Repository statistics (#55)

Wojciech Kapcia (Tigase) opened 9 years ago

Due Date
2016-12-22

We already have more detailed statistics (#2908), but could we add also statistics related to reading data? Like

pubsub/Total writing time       1m, 2sec, 239ms
pubsub/Average DB write time [ms]       18

As well as execution time of TigPubSubGetRootNodes?

Activities

Andrzej Wójcik (Tigase) commented 9 years ago
I've set target to 7.2.0 as I do not think we will be adding this feature to 7.1.0, as it should be already released and this may be (and more likely should be) a complex task.

We can add any time of statistics, but we should consider impact of statistics gathering on performance. Additionally adding/replicating code measuring execution time of SQL queries is not a good idea.

It would be better to consider introduction of new method to DataRepository interface:

void executeStatement(String stmtId, Handler handler);

where handler would have following interface:

interface Handler { void handle(PreparedStatement stmt) { // query execution and logic here } }

This way we could measure time of execution of query and data retrieval in one place - in executeStatement() method by measuring execution time of Handle::handle() method.

While this would be easy to use and would improve code readability, it would introduce cost of creation of anonymous class or lambda statement.

As an alternative solution we could create wrapper for each repository implementation ie. wrapper for PubSubDAO class and put code measuring execution time in this wrapper. This would give us possibility to measure performance of other types of storages, ie. MongoDB, etc. Using Tigase Kernel Framework and beans it should be easy to create feature to enable/disable performance monitoring for particular repository implementation.

%wojtek %kobit %bmalkow What do you think?
Artur Hefczyc commented 9 years ago

Andrzej Wójcik wrote:

I've set target to 7.2.0 as I do not think we will be adding this feature to 7.1.0, as it should be already released and this may be (and more likely should be) a complex task.

We can add any time of statistics, but we should consider impact of statistics gathering on performance. Additionally adding/replicating code measuring execution time of SQL queries is not a good idea.

It would be better to consider introduction of new method to DataRepository interface:

[...]

where handler would have following interface:

[...]

This way we could measure time of execution of query and data retrieval in one place - in executeStatement() method by measuring execution time of Handle::handle() method.

While this would be easy to use and would improve code readability, it would introduce cost of creation of anonymous class or lambda statement.

I like this approach, especially because it allows also for switching Handler at runtime. So when we experience problems we could activate handler taking measurements. So the performance impact would be minimal during normal production run.

Also, to mitigate impact of creating of an anonymous class or lambda statement, we could pre-create Handlers and reuse them when the query is called.

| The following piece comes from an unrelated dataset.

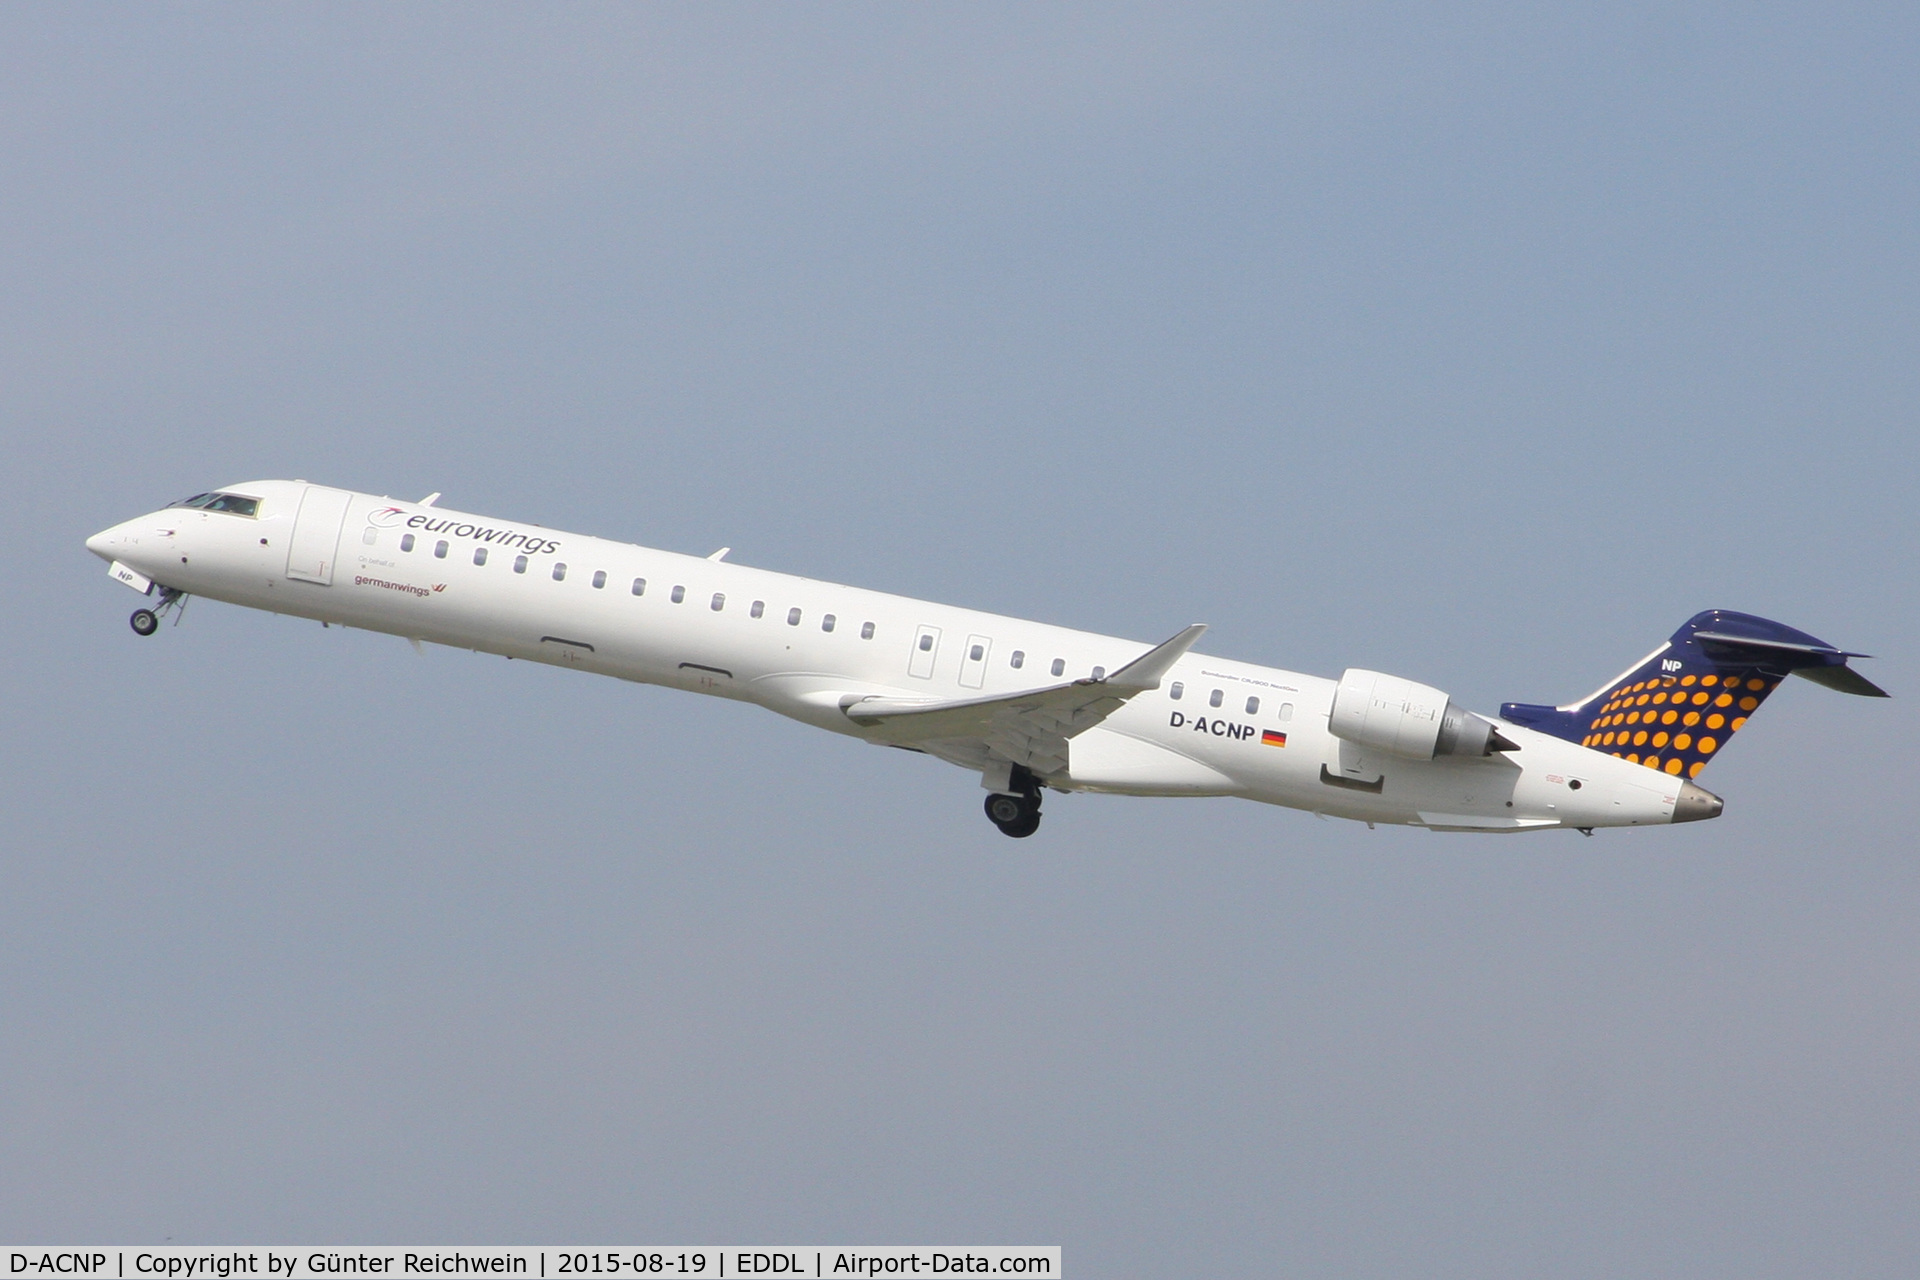 D-ACNP, 2010 Bombardier CRJ-900LR (CL-600-2D24) C/N 15259, Just airborne

As an alternative solution we could create wrapper for each repository implementation ie. wrapper for PubSubDAO class and put code measuring execution time in this wrapper. This would give us possibility to measure performance of other types of storages, ie. MongoDB, etc. Using Tigase Kernel Framework and beans it should be easy to create feature to enable/disable performance monitoring for particular repository implementation.

%wojtek %kobit %bmalkow What do you think?

Well, I understand that the above solution is more for SQL databases so any other DB would not be covered. Or maybe it would? Ideally, I think we should have a generic * DataRepository* abstract class or interface and then there could be DataRepositorySQL, DataRepositoryMongoDB, etc... This way we could have a generic way to take measurements for all DBs.
Andrzej Wójcik (Tigase) commented 9 years ago

Artur Hefczyc wrote:

Andrzej Wójcik wrote:

I've set target to 7.2.0 as I do not think we will be adding this feature to 7.1.0, as it should be already released and this may be (and more likely should be) a complex task.

We can add any time of statistics, but we should consider impact of statistics gathering on performance. Additionally adding/replicating code measuring execution time of SQL queries is not a good idea.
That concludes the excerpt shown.